[TASK OBJECTIVE]
Return all of the data that follows precisely, leaving every image out.

[DATA SHOWN]
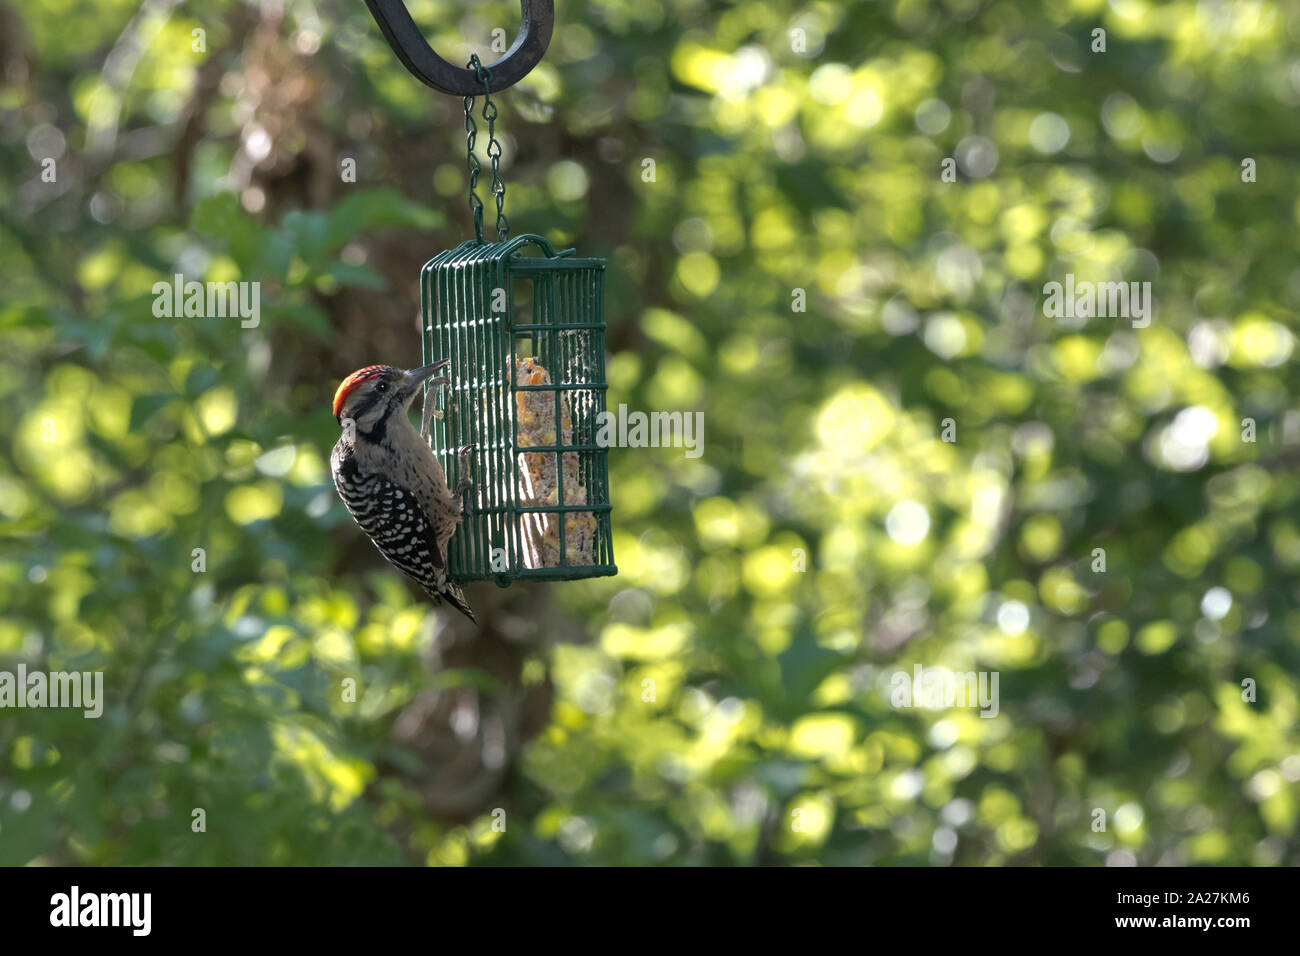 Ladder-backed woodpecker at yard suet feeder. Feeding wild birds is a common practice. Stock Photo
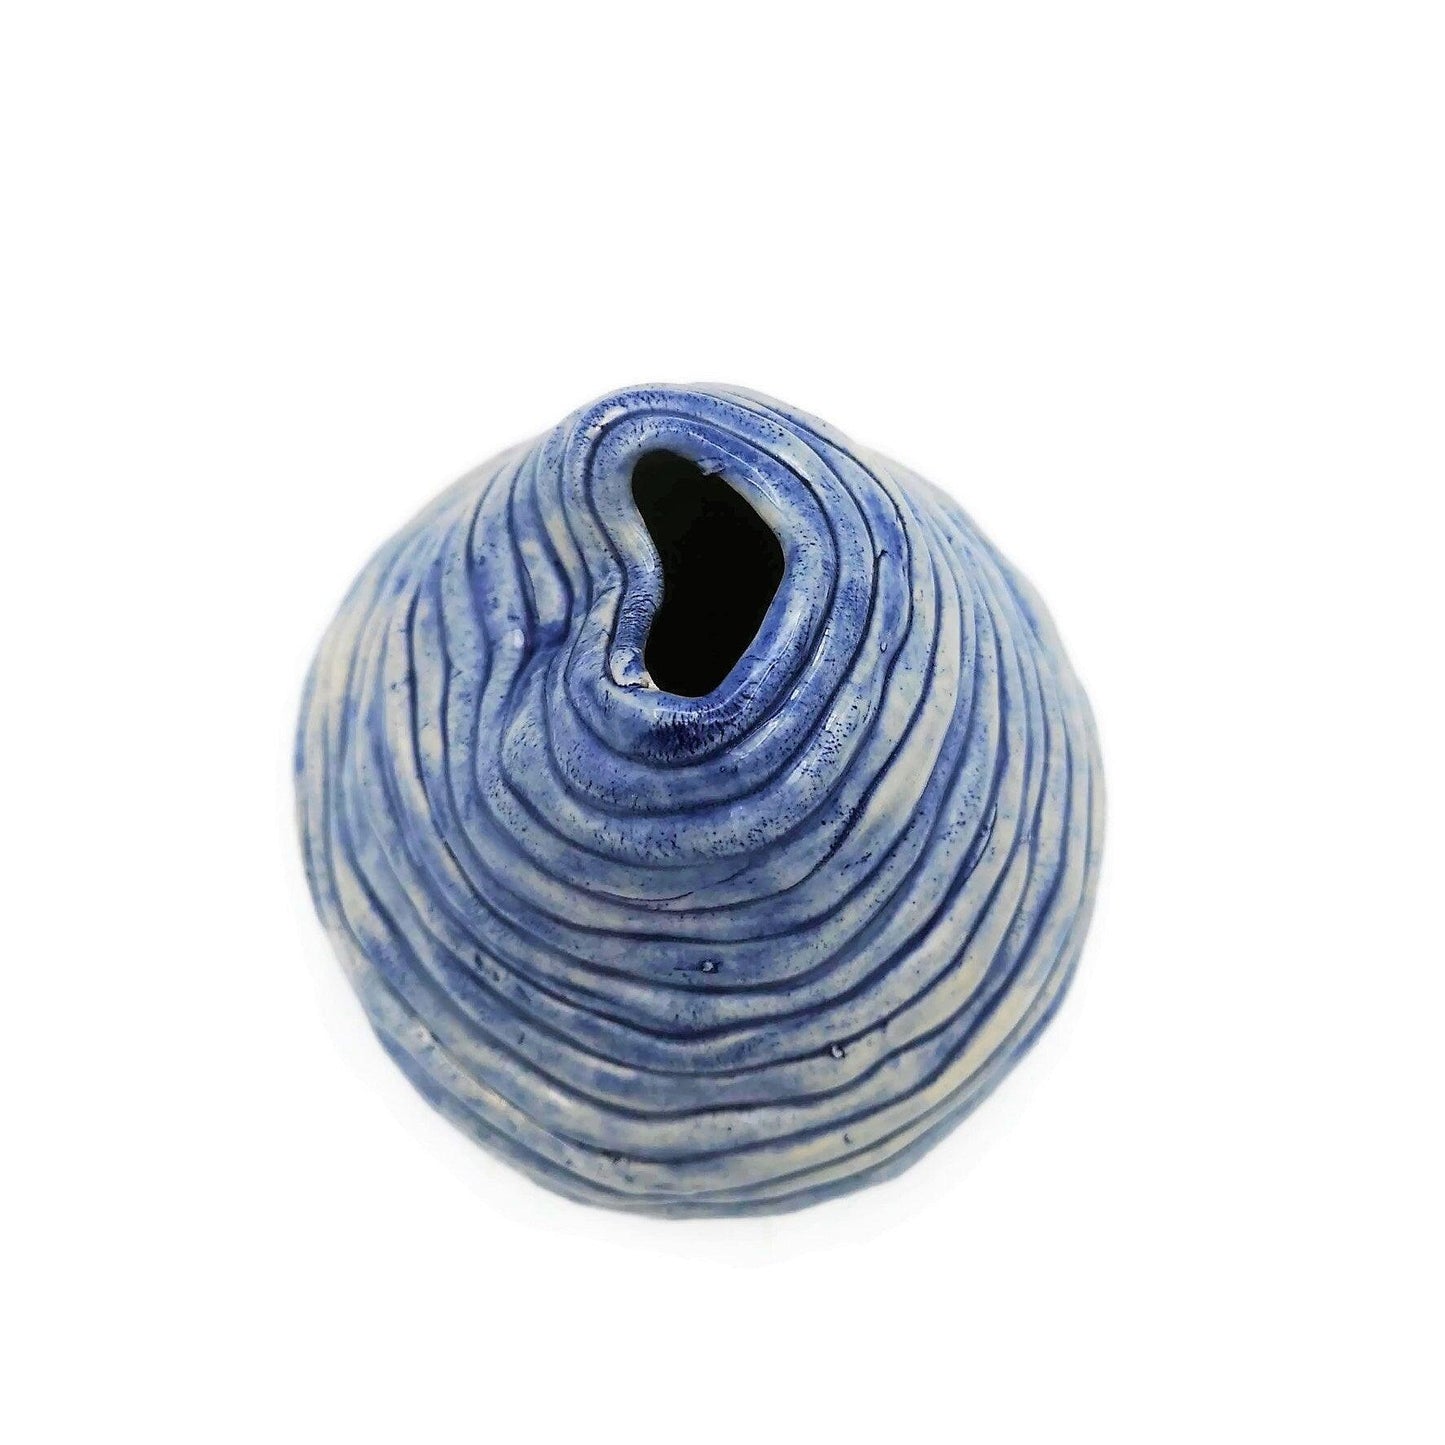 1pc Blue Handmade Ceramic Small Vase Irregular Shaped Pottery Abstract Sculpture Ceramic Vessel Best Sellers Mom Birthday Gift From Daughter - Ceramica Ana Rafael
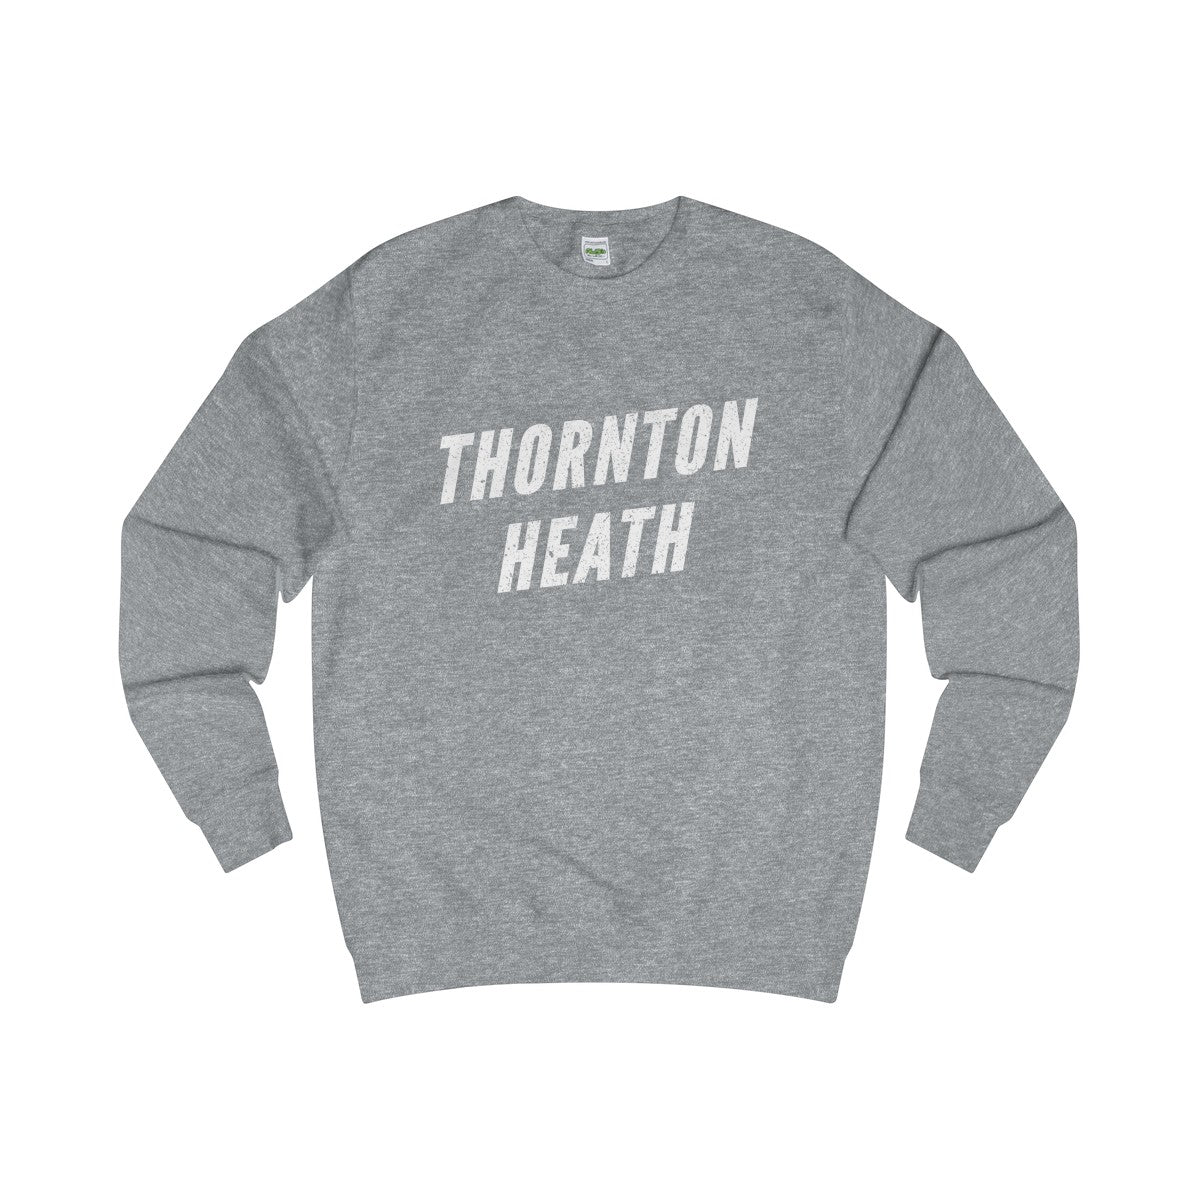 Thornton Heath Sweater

[OUTPUT FOR THIS EXERCISE]
 Ladder-backed woodpecker at yard suet feeder. Feeding wild birds is a common practice. Stock Photo
 1pc Blue Handmade Ceramic Small Vase Irregular Shaped Pottery Abstract Sculpture Ceramic Vessel Best Sellers Mom Birthday Gift From Daughter - Ceramica Ana Rafael
 Thornton Heath Sweater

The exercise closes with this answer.